Print out every line of the material exactly. Include no pictures.
──────── Data shown
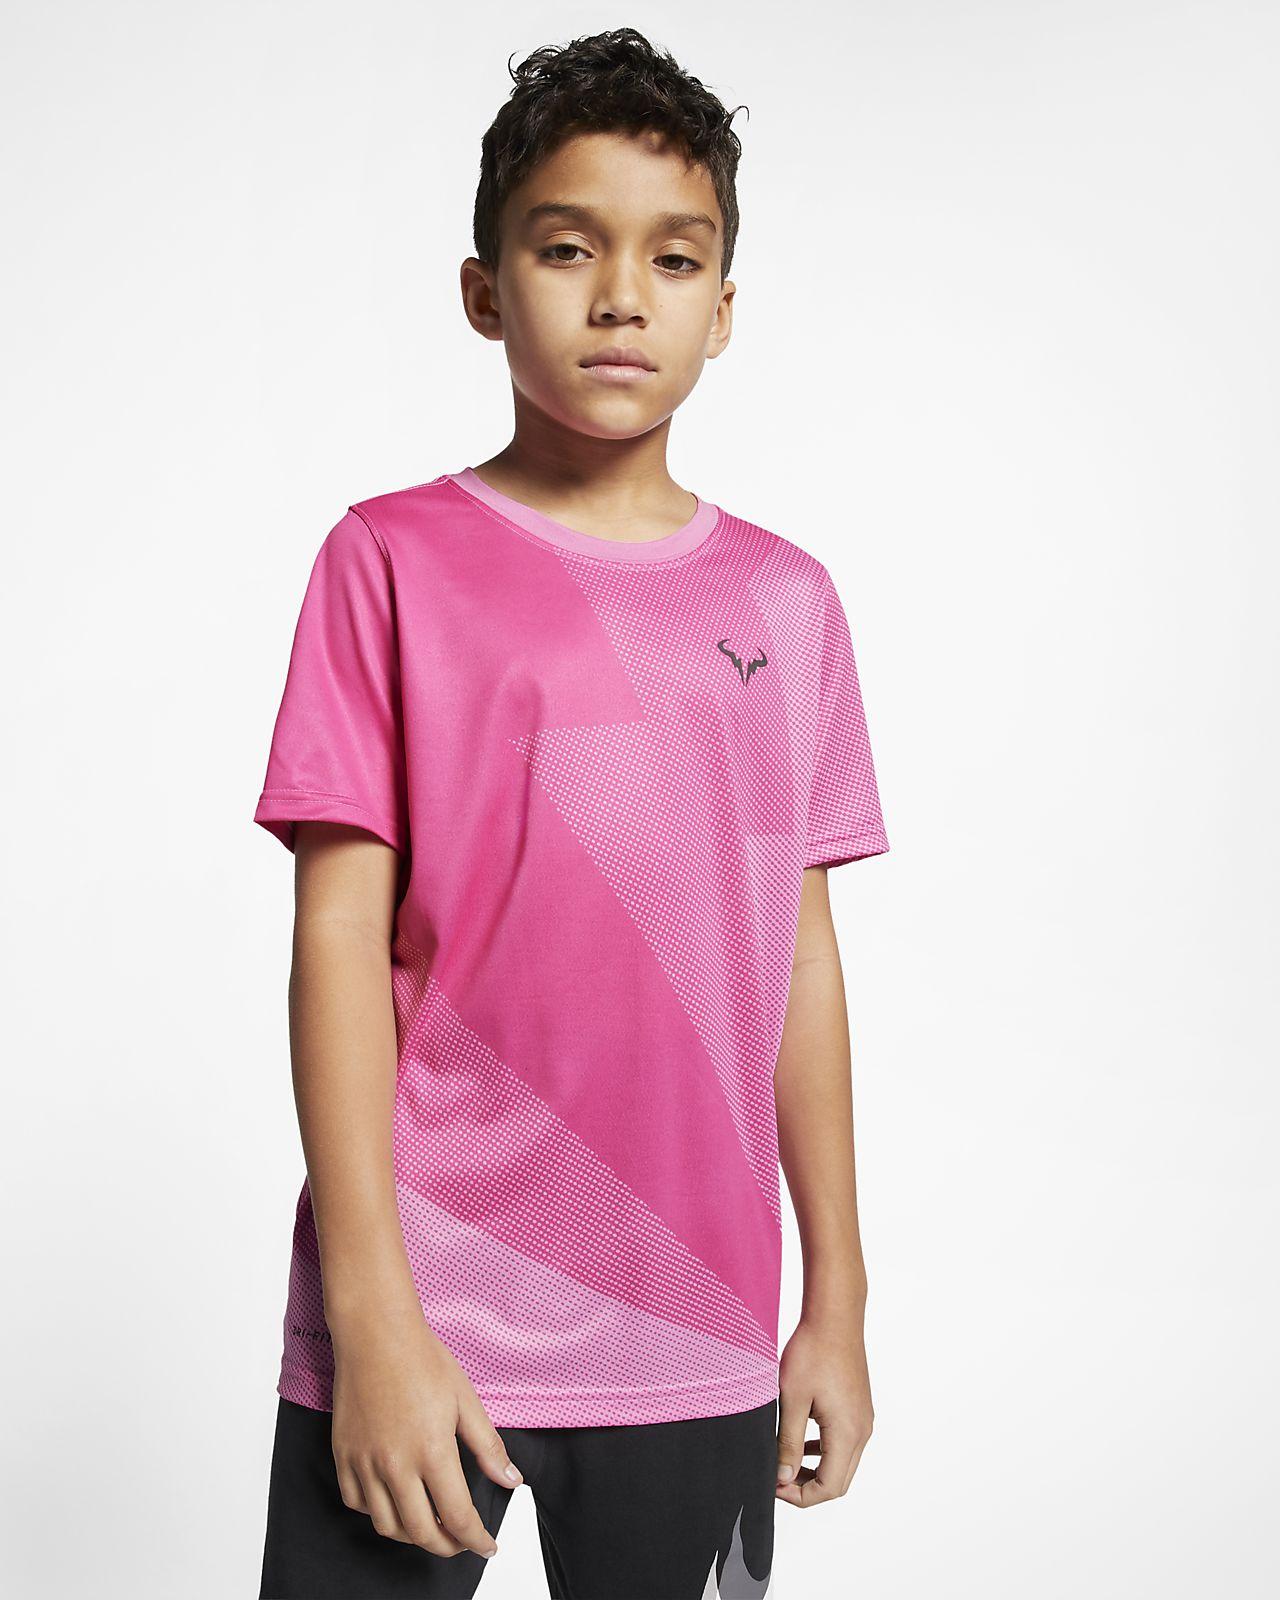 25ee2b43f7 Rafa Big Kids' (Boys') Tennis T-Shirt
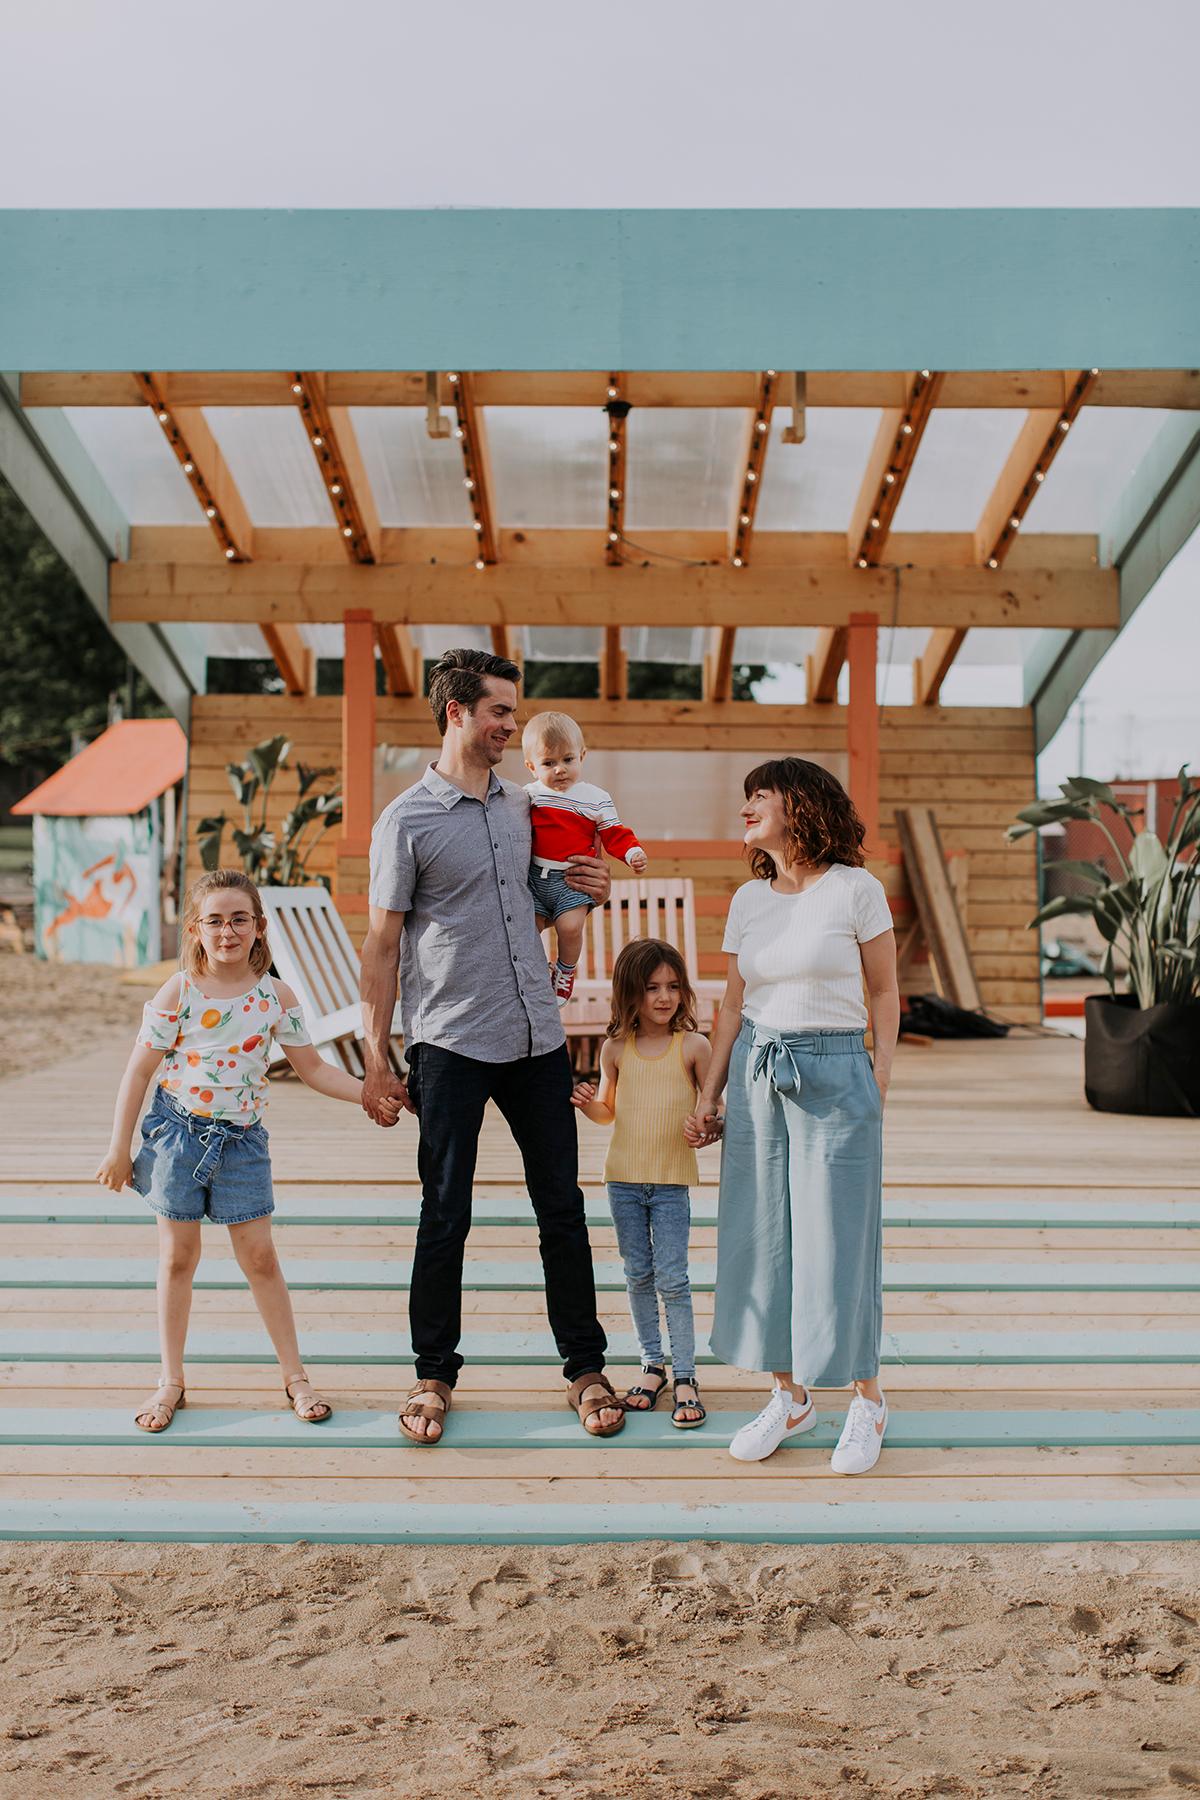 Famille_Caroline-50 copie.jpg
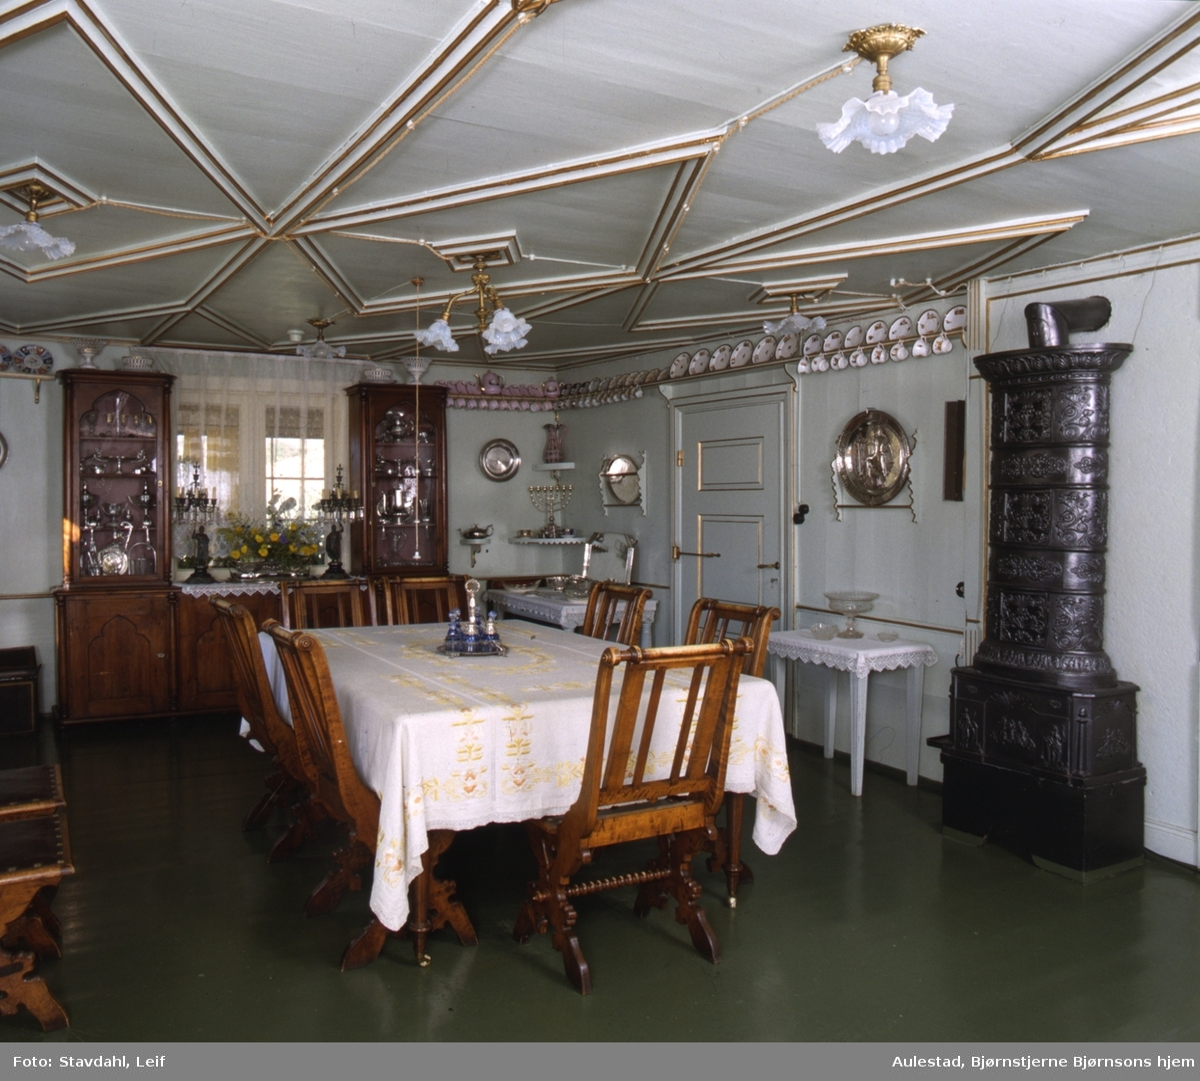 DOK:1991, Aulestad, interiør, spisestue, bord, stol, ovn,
────────────────
» Written solution:
 25ee2b43f7 Rafa Big Kids' (Boys') Tennis T-Shirt
 Famille_Caroline-50 copie.jpg
 DOK:1991, Aulestad, interiør, spisestue, bord, stol, ovn,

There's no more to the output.